Based on the 552,810 Class A Ordinary Shares (with one vote each) and 580,524 Class B Ordinary Shares (with 50 votes each) outstanding
on the Record Date, the holders of our outstanding shares representing at least 9,859,670 votes will be required to establish
a quorum. Proxies received but marked as abstentions, votes withheld, and broker “non-votes” will be included in the calculation
of the number of votes considered present at the Meeting. Abstentions and broker “non-votes” are counted as present or represented
for purposes of determining the presence or absence of a quorum. A broker “non-vote” occurs when a broker holding Ordinary
Shares for a beneficial owner votes on one proposal but does not vote on another proposal because, in respect of such other proposal,
the broker does not have discretionary voting power and has not received instructions from the beneficial owner.
How
can I vote my Ordinary Shares in person at the Meeting?
Ordinary
Shares held in your name as the Member of record may be voted by you in person at the Meeting. Ordinary Shares held by you beneficially
in “street name” through a broker, bank, or other nominee may be voted by you in person at the Meeting only if you obtain
a legal proxy from the broker, bank, or other nominee that holds your shares giving you the right to vote the Ordinary Shares.
How
can I vote my shares without attending the Meeting?
Whether
you hold Ordinary Shares directly as the Member of record or beneficially in “street name,” you may direct how your Ordinary
Shares are voted without attending the Meeting.
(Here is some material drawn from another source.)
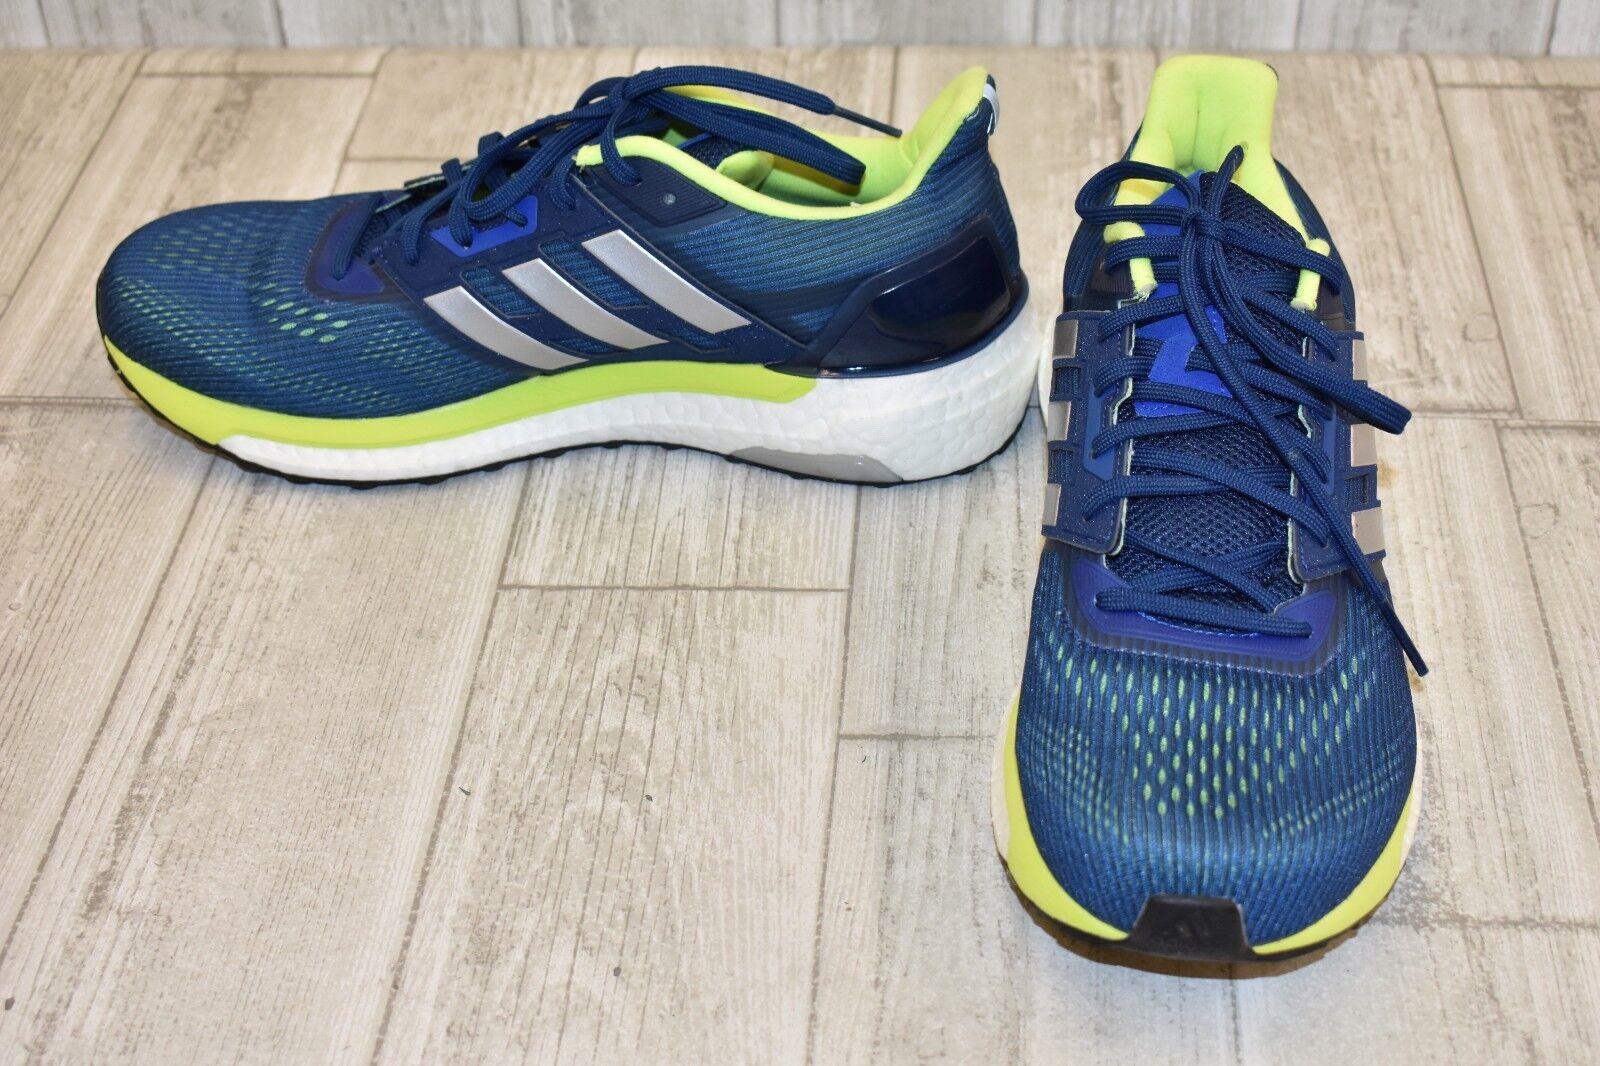 Adidas Supernova Athletic shoes - Men's Size 10.5 - Multicolor
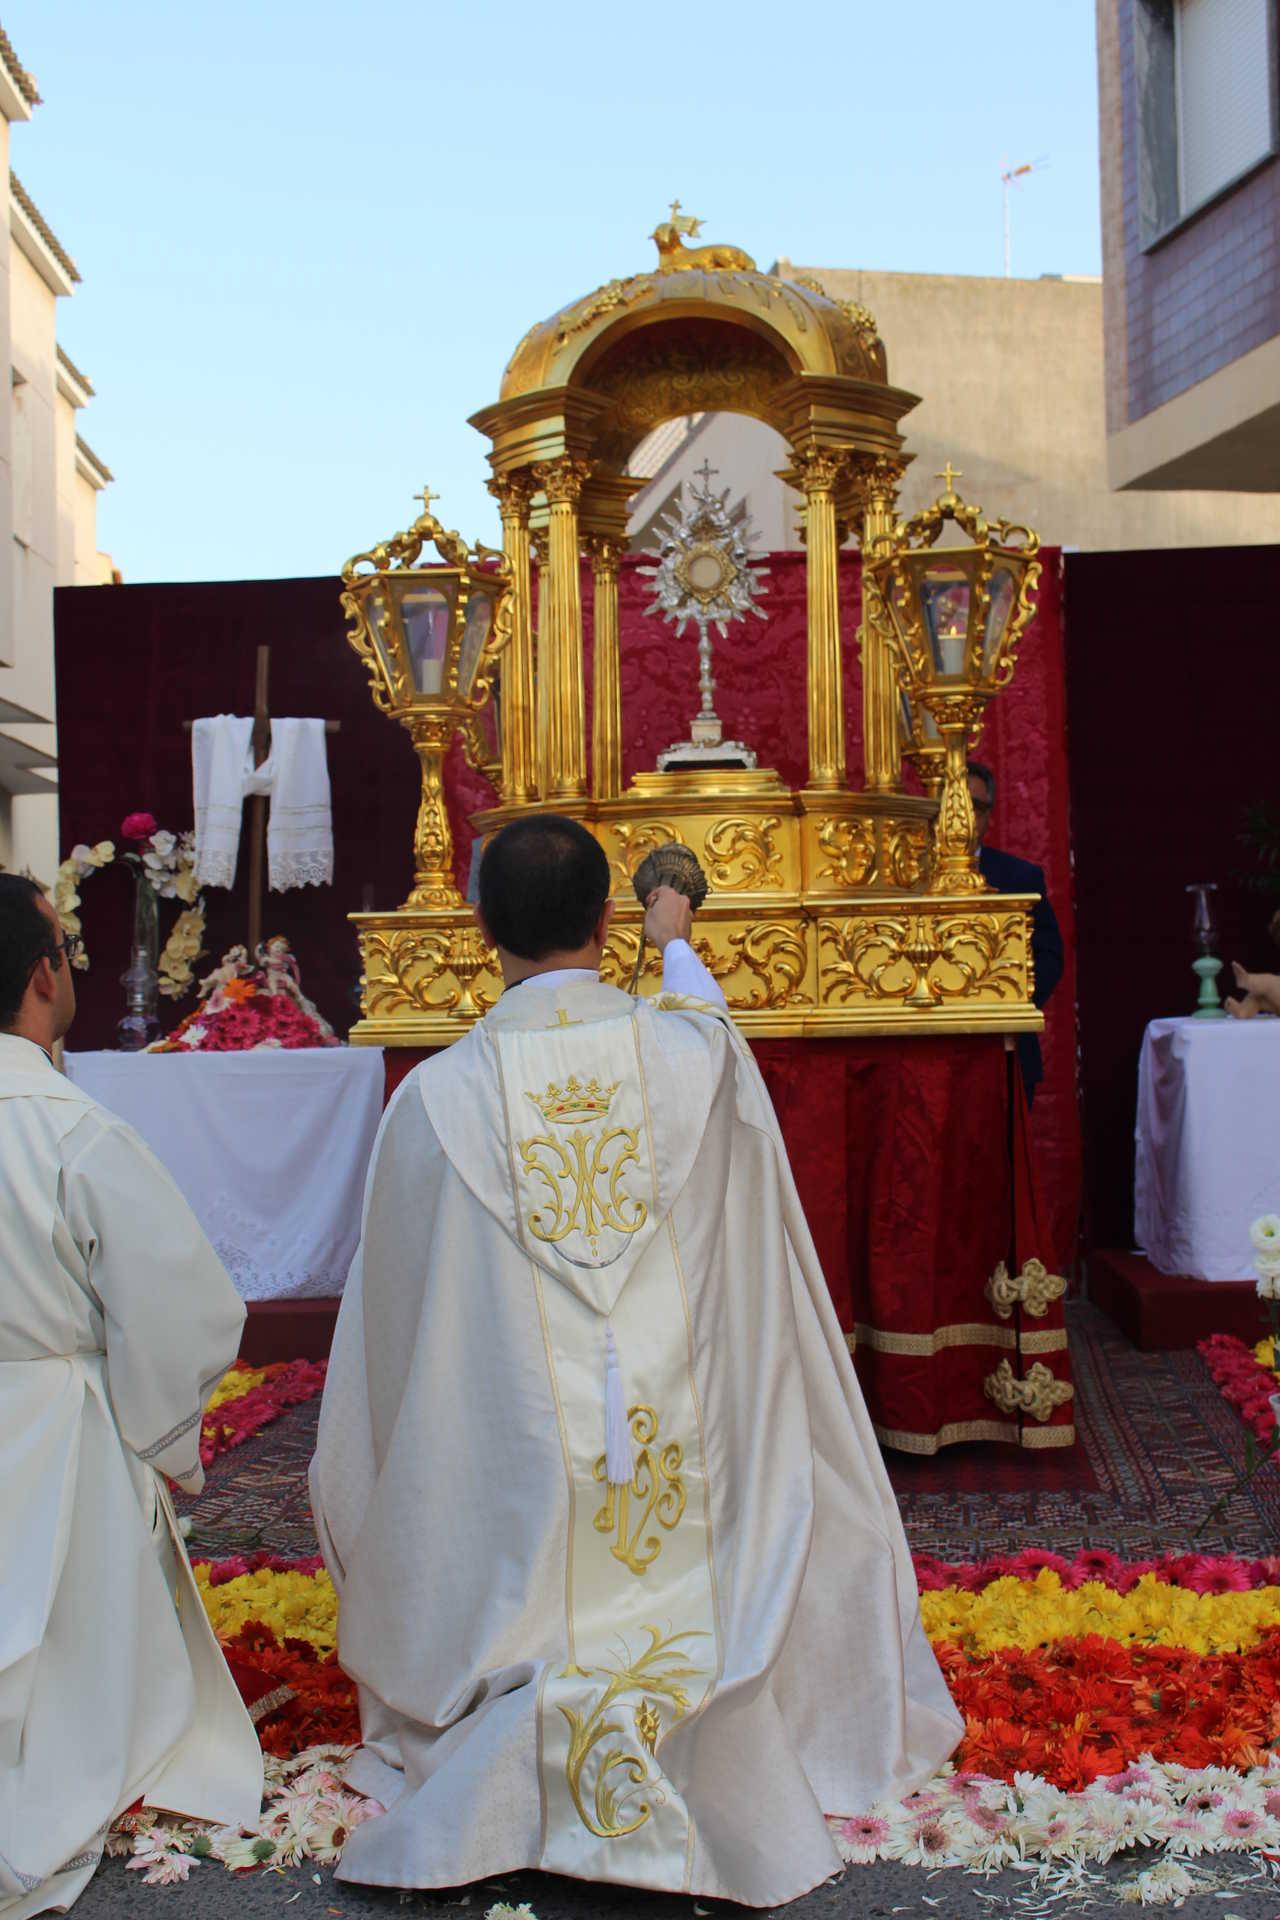 FESTIVITAT DEL CORPUS CHRISTI

If you are a Member of record (that is if your Ordinary Shares are registered directly
in your name with our transfer agent), you must complete and properly sign and date the accompanying proxy card and return it to us and
it will be voted as you direct. If you are a Member of record and attend the Meeting, you may complete and deliver your completed proxy
card in accordance with the instructions printed thereon. If you hold Ordinary Shares beneficially in “street name,” you
may vote by submitting voting instructions to your broker, bank, or other nominee.
Can
I vote by telephone or electronically?
If
you are a Member of record, you may vote electronically through the Internet, by following the instructions included with your proxy
card. If your Ordinary Shares are held in “street name,” please check your proxy card or contact your broker, bank, or other
nominee concerning voting electronically and the deadline for such voting. You may not vote by telephone.
Can
I change my vote after I return my proxy card?
Yes.
If you are a Member of record, you may revoke or change your vote at any time before the proxy is exercised by delivering a notice of
revocation to our Chief Financial Officer at nyokeyee@fitnesschampsaquatics.com, or by signing a proxy card bearing a later date, or
by attending the Meeting and voting in person.
For
Ordinary Shares you hold beneficially in “street name,” you may change your vote by submitting new voting instructions to
your broker, bank, or other nominee or, if you have obtained a legal proxy from your broker, bank, or other nominee giving you the right
to vote your Ordinary Shares, by attending the Meeting and voting in person. If you are a Member of record, the powers of the proxy holder
will be suspended if you attend the Meeting in person and so request, although attendance at the Meeting will not by itself revoke a
previously granted proxy.
Who
counts the votes?
Votes
will be counted by TranShare, 17755 US Hwy 19 N, Clearwater, FL 33764 (“TranShare”), our transfer agent, who will
act as master tabulator; however, no representatives of TranShare will attend the Meeting. If you are a Member of record, your signed
proxy card is returned directly to TranShare for tabulation. If you hold your Ordinary Shares in “street name” through a
broker, bank, or other nominee, your broker, bank, or other nominee will return one proxy card to TranShare on behalf of its clients.
What
are the Board of Directors’ recommendations?
Unless
you give other instructions on your proxy card, the person named as proxy holder on the proxy card will vote in accordance with the recommendations
of the Board of Directors. The Board of Directors’ recommendation is set forth together with the description of each item in this
proxy statement. In summary, the Board of Directors recommends:
FOR
Proposal 1: to approve, as an ordinary resolution that:
Share
Consolidation:
| (C) |
|
a
share consolidation of the Company’s all issued and unissued shares of whatever classes and series be approved at a ratio of
not less than one (1)-for-two (2) and not more than one (1)-for-two hundred- fifty (250) (the “Range”), with the
exact ratio to be set at a whole number within this Range to be determined by the Board of the Directors of the Company (the “Board”)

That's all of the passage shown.